Tuesday, December 9, 2008

Forecasting in Forex: An Introduction to Technical Analysis

Success in Forex trading takes more than just a trip to a fortuneteller. A similar concept of foreseeing the future, however, might do the trick. Quite a number of forecasting methods are already established, and for this article, great focus is given on an introduction to the Technical Analysis method for forecasting Forex trading patterns.

Technical Analysis is a method that can be used to forecast market price changes and fluctuations. Like fortunetellers, technical analysis uses certain tools to predict patterns in market prices. However, unlike fortunetelling, which uses tarot cards and crystal balls to help predict the future, technical analysis uses charts, tables, and often, statistical mathematics, to predict the future of Forex trading.

Underlying Principle of Technical Analysis

Technical Analysis simply relies on past and present numbers and figures. It takes into complete account the numerical pattern of the market for as far back as possible. And since it only considers numbers as the primary source for market price forecasting, other probable causes for market price changes, such as inflation, socio-political factors, and the like, are simply disregarded

Advantages of Technical Analysis

Technical Analysis is a purely objective tool, thus making it a pretty stable means of forecasting market trends. Often, this objectivity makes it an extremely accurate tool for success in the Forex trade. It is good to take note, however, that technical analysis forecasts tend to be more accurate for the most immediate future. This means that if you want to take advantage of some forecasted price changes, you should act on it right away.
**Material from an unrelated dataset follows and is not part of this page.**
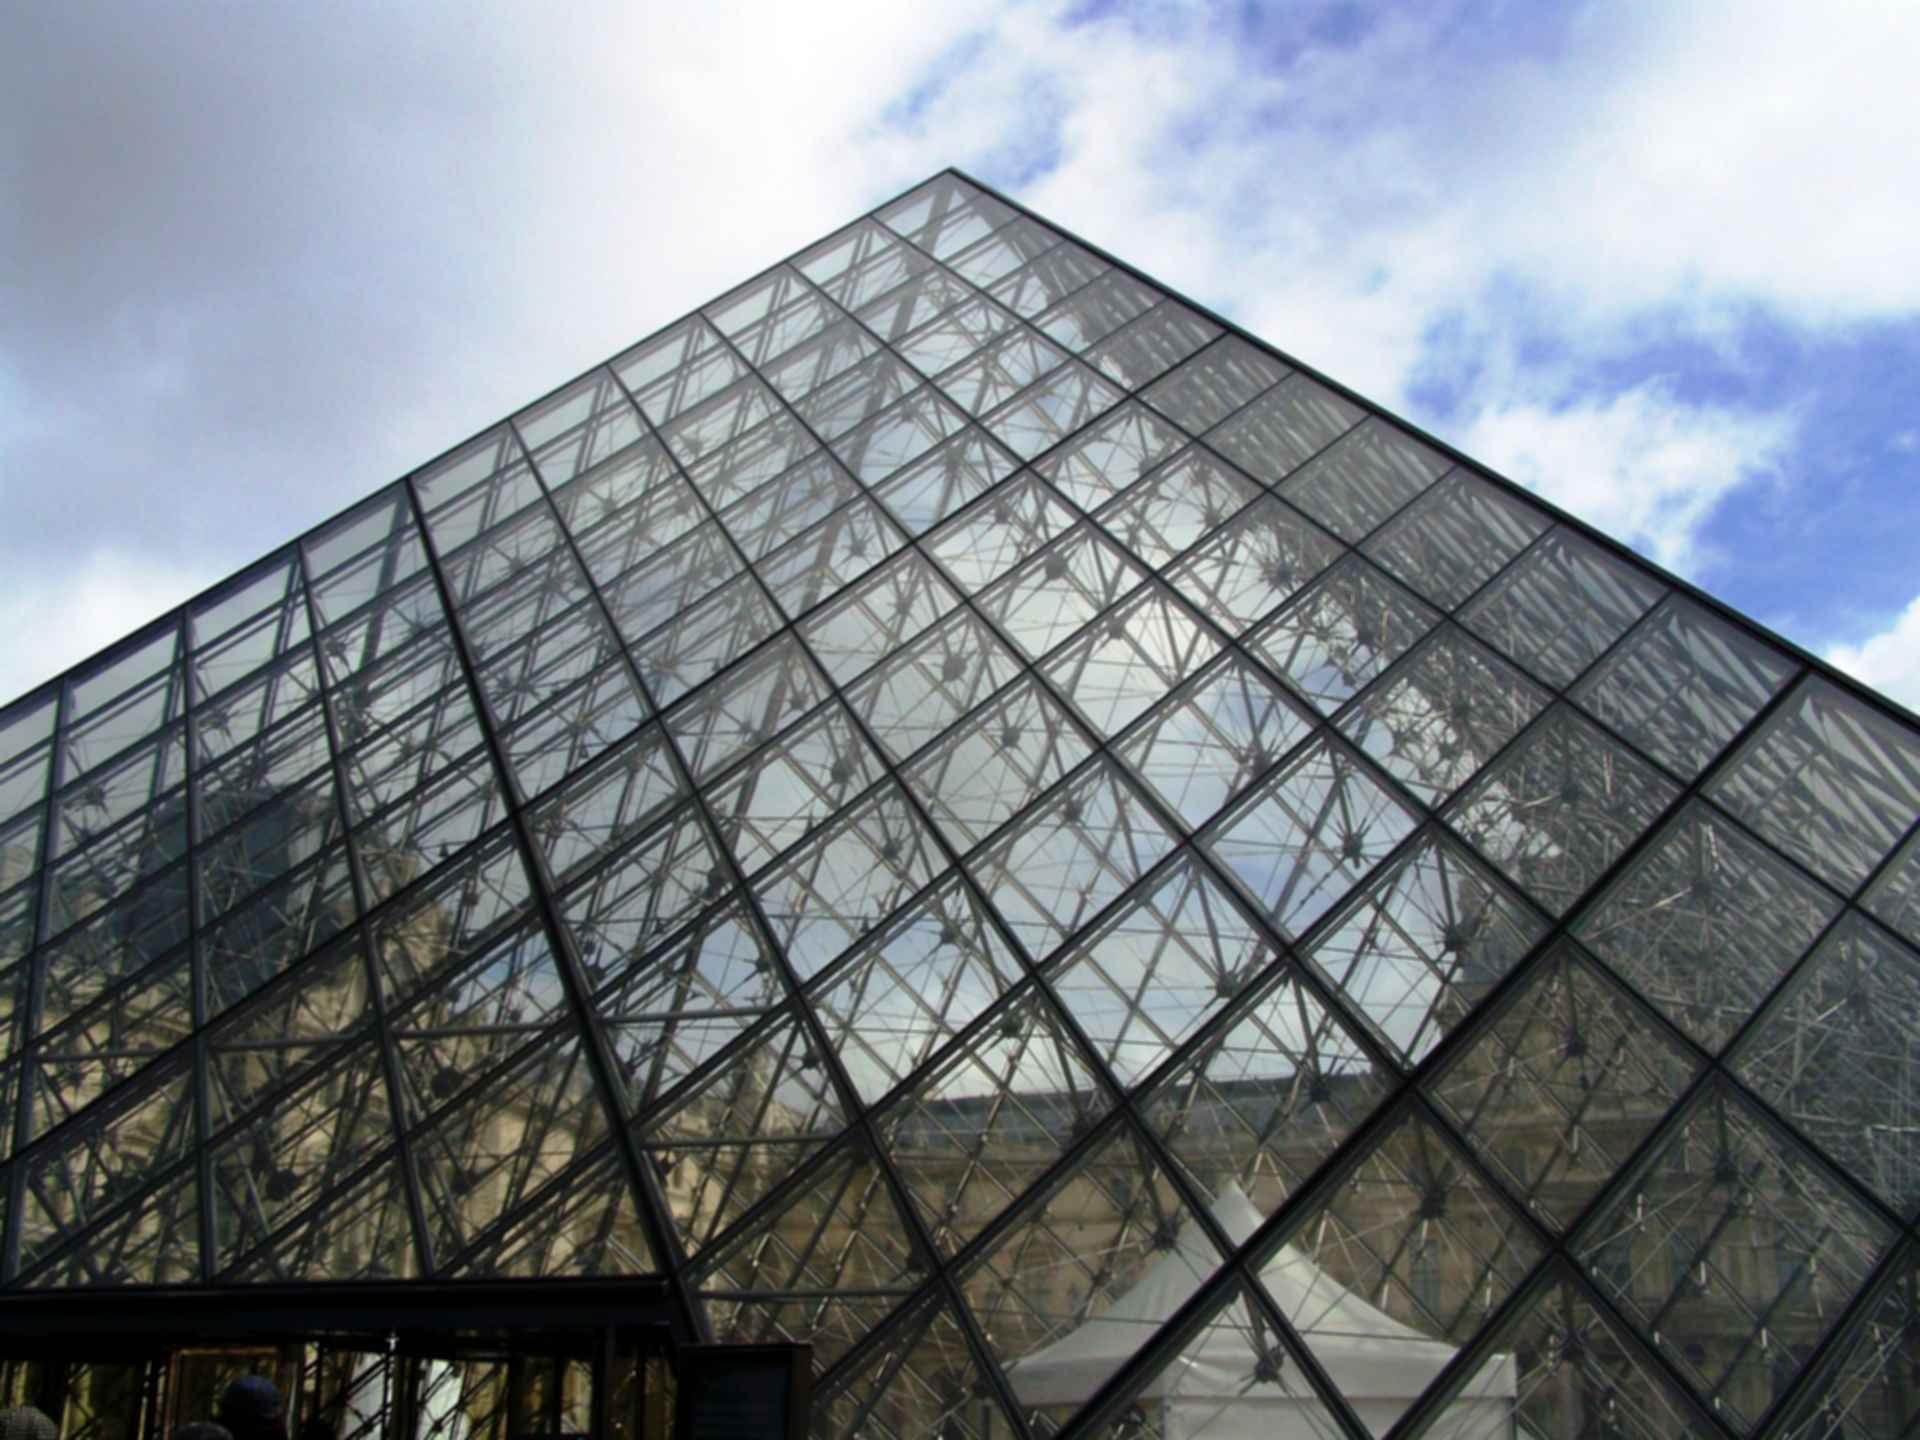 The Louvre Paris - Pyramid Detail
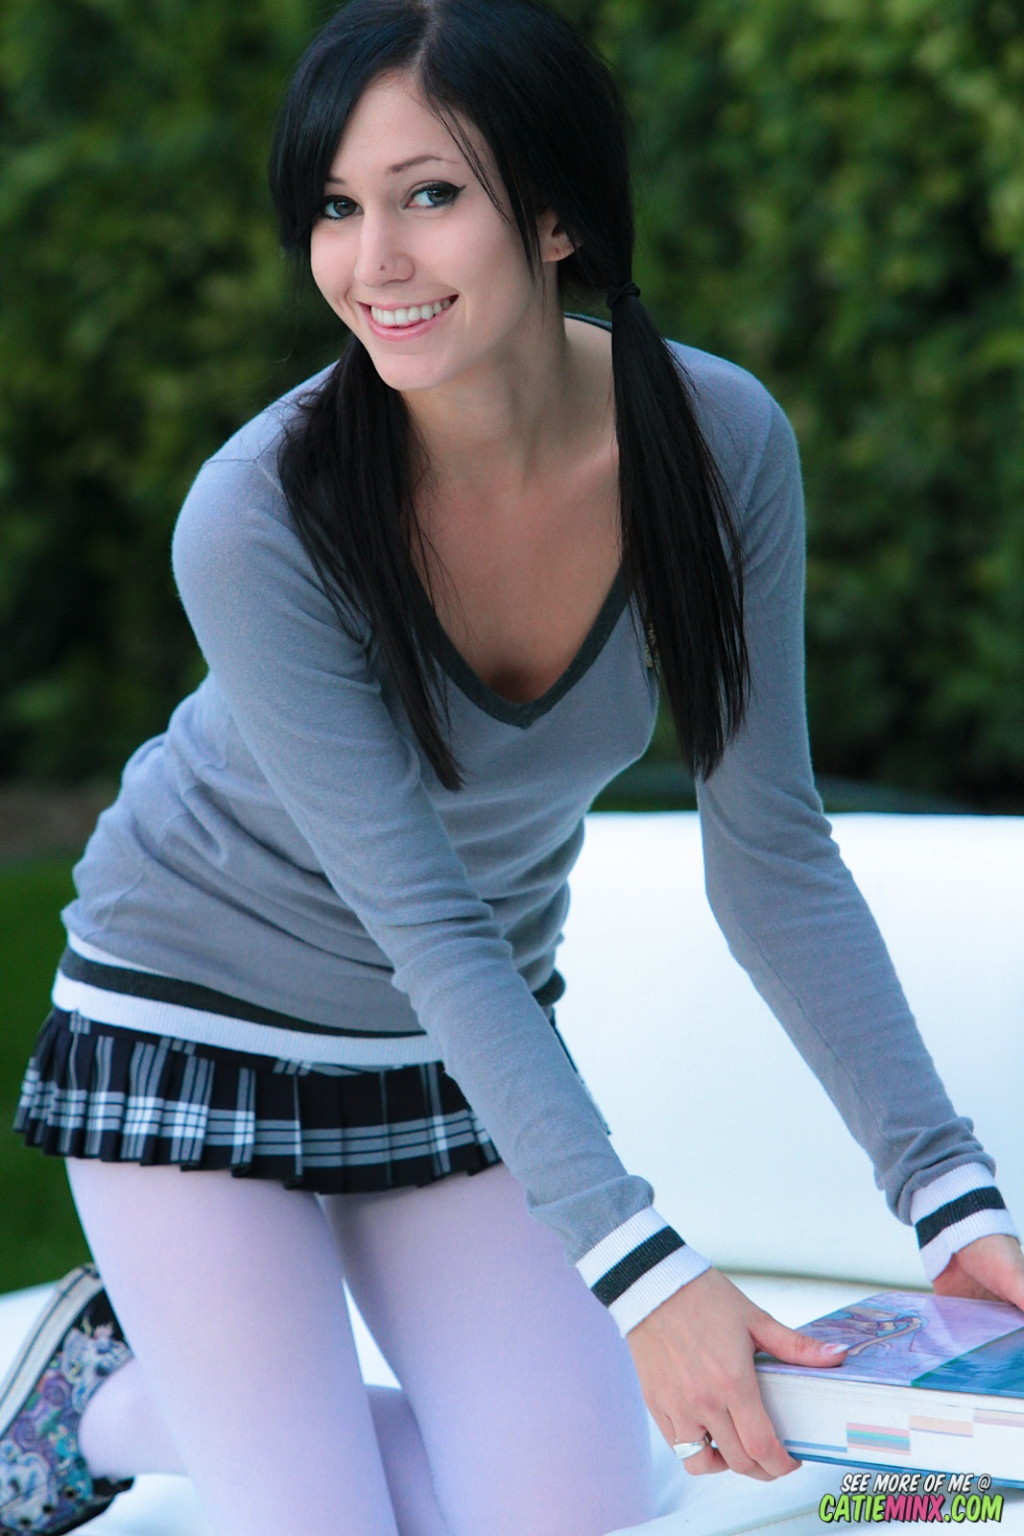 schoolgirl catie minx in nylon stockings flashing outdoors at

Disadvantages of Technical Analysis

Technical Analysis has quite a number of disadvantages, some of which many forex traders consider as insignificant, but are nonetheless true. These disadvantages are mainly rooted in the fact that technical analysis focuses only on numbers, specifically prices, to predict future market patterns. However, many factors other than previous market trends affect future market prices. In fact, anything that can affect the prices of other trades and commodities can also affect forex trade. These factors include, but are not limited to: inflation, economic and political stabilities of key countries, interest rates, trade psychology, and supply-demand situations. Technical analysis disregards these factors completely, which could render it inaccurate in situations wherein these factors could have a great impact on forex trading.

Technical Analysis method of forecasting market prices has its own advantages and disadvantages. However, it is up to you to weigh these advantages and disadvantages, and see if technical analysis is a tool you can use to help you in the forex trade.